Friday, 28 October 2011

Controversy on Ramanujan's Essay on Ramayana

A long essay on Ramayana writtten by a linguist, late AK Ramanujan, nearly two decades ago when he was working at a leading US university, titled: "Three Hundred Ramayanas":Five Examples and Three Thoughts on Translation", has suddenly become a subject of heated debate in the media. According to press reports, this clearly controversial Essay was included in the syllabus of the Delhi University's BA 2nd year history course, in 2006. Presumably, the Essay came under adverse notice of a section of students and teachers. Recently, the Delhi University Academic Council, in a majority decision of 141 members against 9, removed the Essay from the syllabus.

This democratic decision by the most important body of the DU has triggered a vociferous protest  by "Marxist" and "Left-liberal" teachers and student unions. Some of them even came out in a protest demonstration in the DU's north campus, calling the Academic Council's decision as "wanton philistinism" and an assault on "academic freedom". One lady history teacher of Jawaharlal Nehru University(JNU), prof. Mridula Mukherjee went to the outrageous extent of condemning it as "goondagardi"(goondaism). "Hindutva" groups who had favoured the removal, were accused of bigotry and "taking one view of history".

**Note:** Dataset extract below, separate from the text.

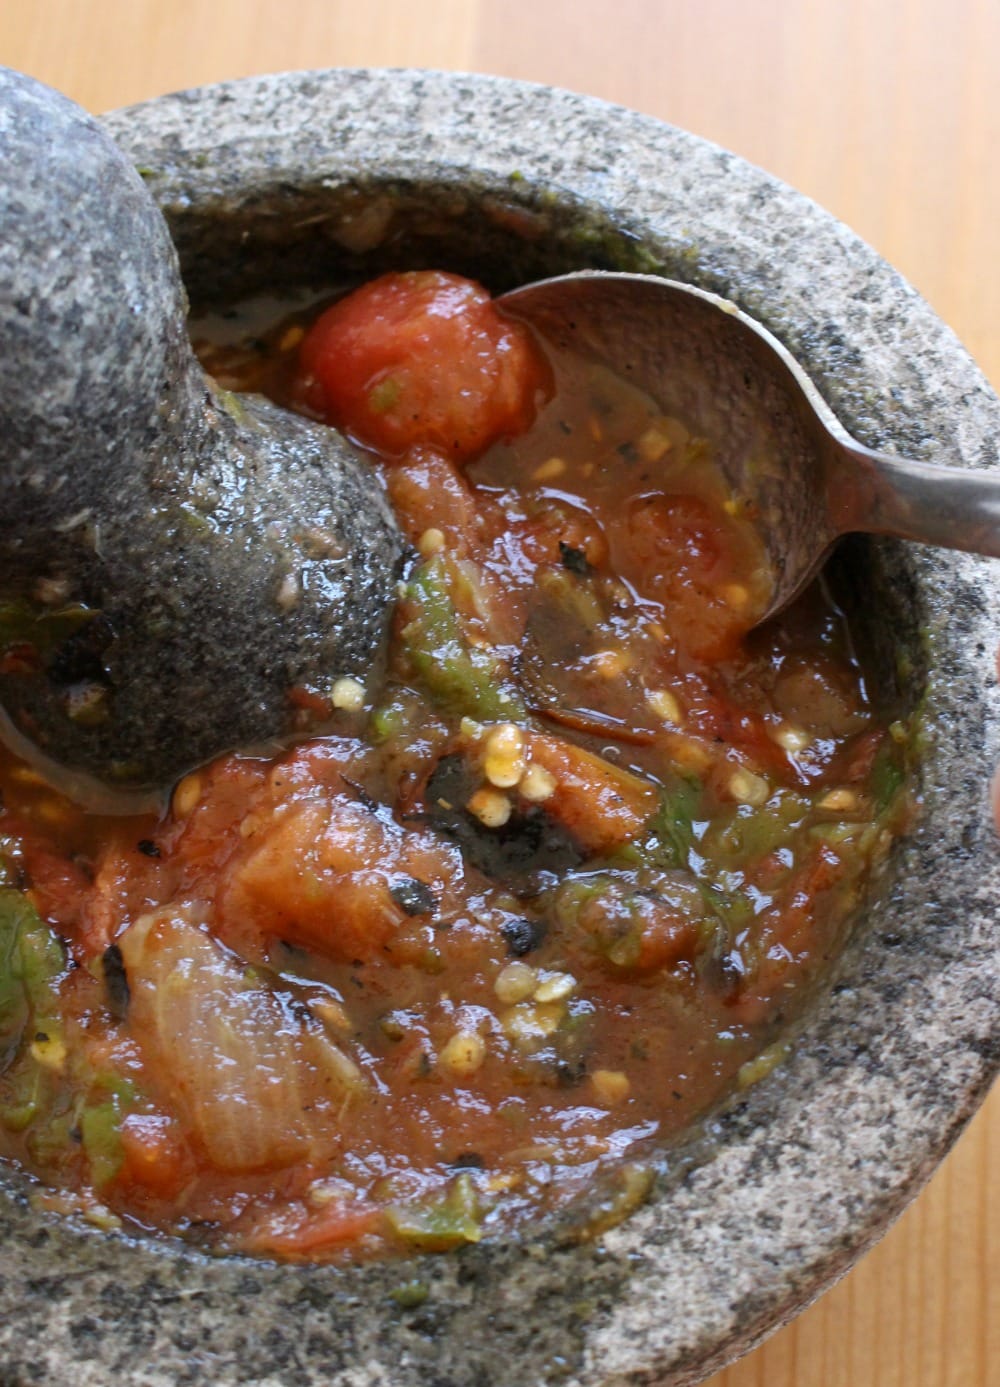 A spoon in a molcajete mixing the tomato salsa.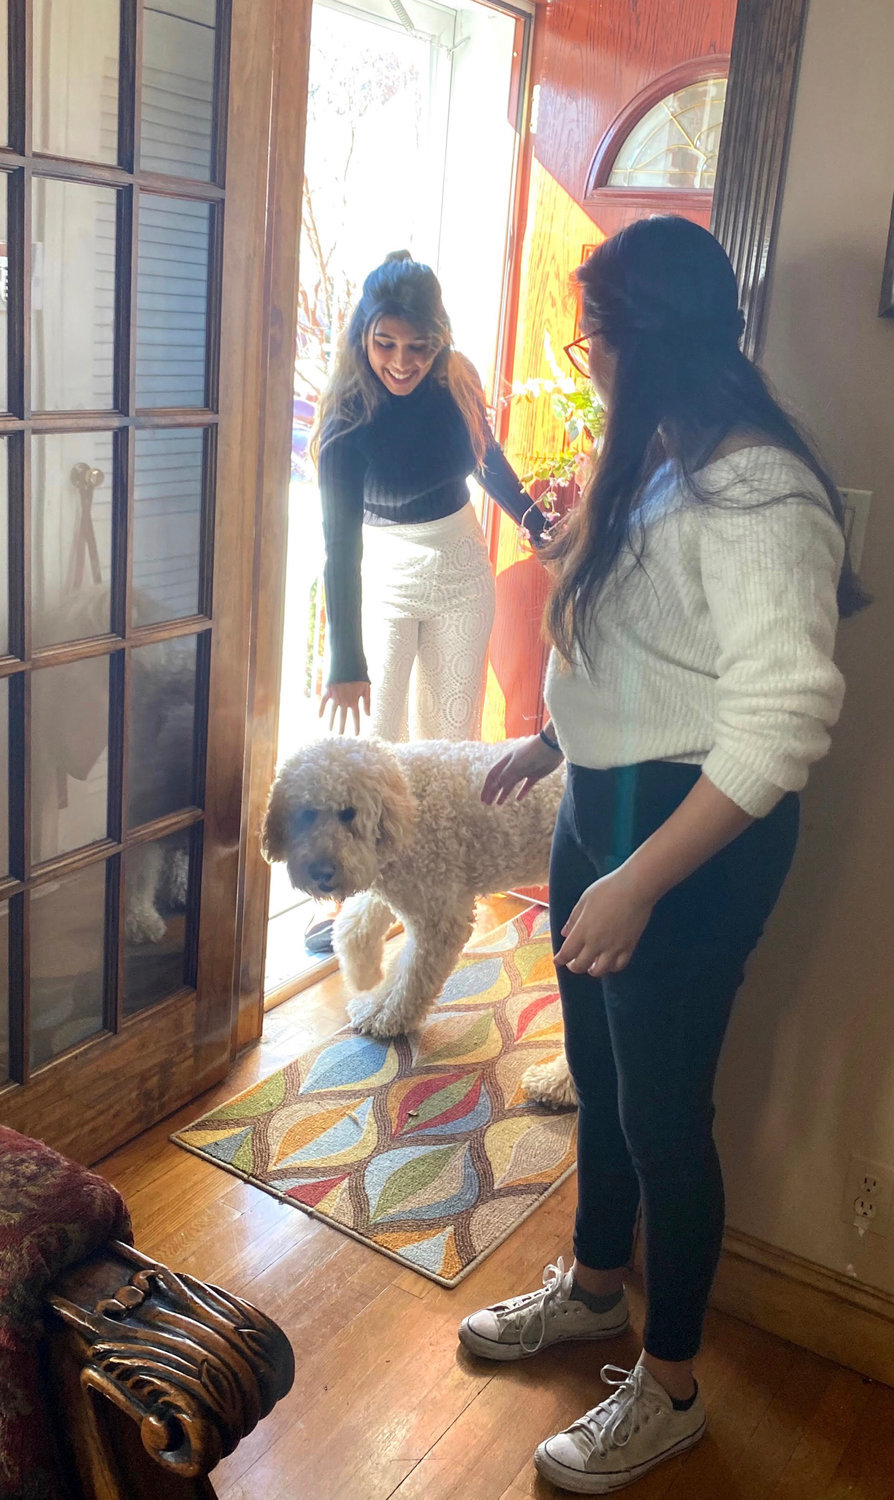 Recent South High School graduate Abigail Arjune, left, with her sister, Sarah, and their goldendoodle, Orion. The sisters have been walking together more as they develop new routines while staying at home.

Strong views of the critics of the Essay that some versions of the "retellings" of the epic in Ramanujan's collection were incredibly perverse, even obscene, in their projection of the iconic figures like Ram, Lakshman, Hanuman and Indra, and deeply hurt the religious feelings of  the vast numbers of the majority community, were totally dismissed. Their argument that there were no demands for banning the book and that it was only excluded from the syllabus of the history course of undergraduate students still in their teens, also had no relevance to these "Marxists". Strangely, even some leading intellectuals belonging to the Capital's think tanks, wittingly ignored this limited restriction.

Here are a few examples of some of these offensive "tellings": Ravana and Lakshman seduced Sita; Sita was unfaithful to Rama; Hanuman was ladies' man; Indra, king of devas, was debased; his testicles fell down because of ...a curse and animal testicles were implanted; Indra's body was covered with vaginas of thousands of women! When such evil and malicious "tellings" are part of the Ramanujan's essay , is it improper for the DU Academic Council to remove it from the syllabus of college freshers?

Will these history teachers show similar enthusiasm to recommend Salman Rushdie's novel "Satanic Verses" for the English syllabus at the DU, or the JNU  as it makes derogatory references to Prophet Mohammed's wives? Did they come out on the streets to shout against the ban on the book? And what about the Bangladeshi writer Tasleema Nasreen's book that was banned? Why hurting the sentiments of the Hindu majority community seems easy meat to these psuedo-secular thinkers and teachers?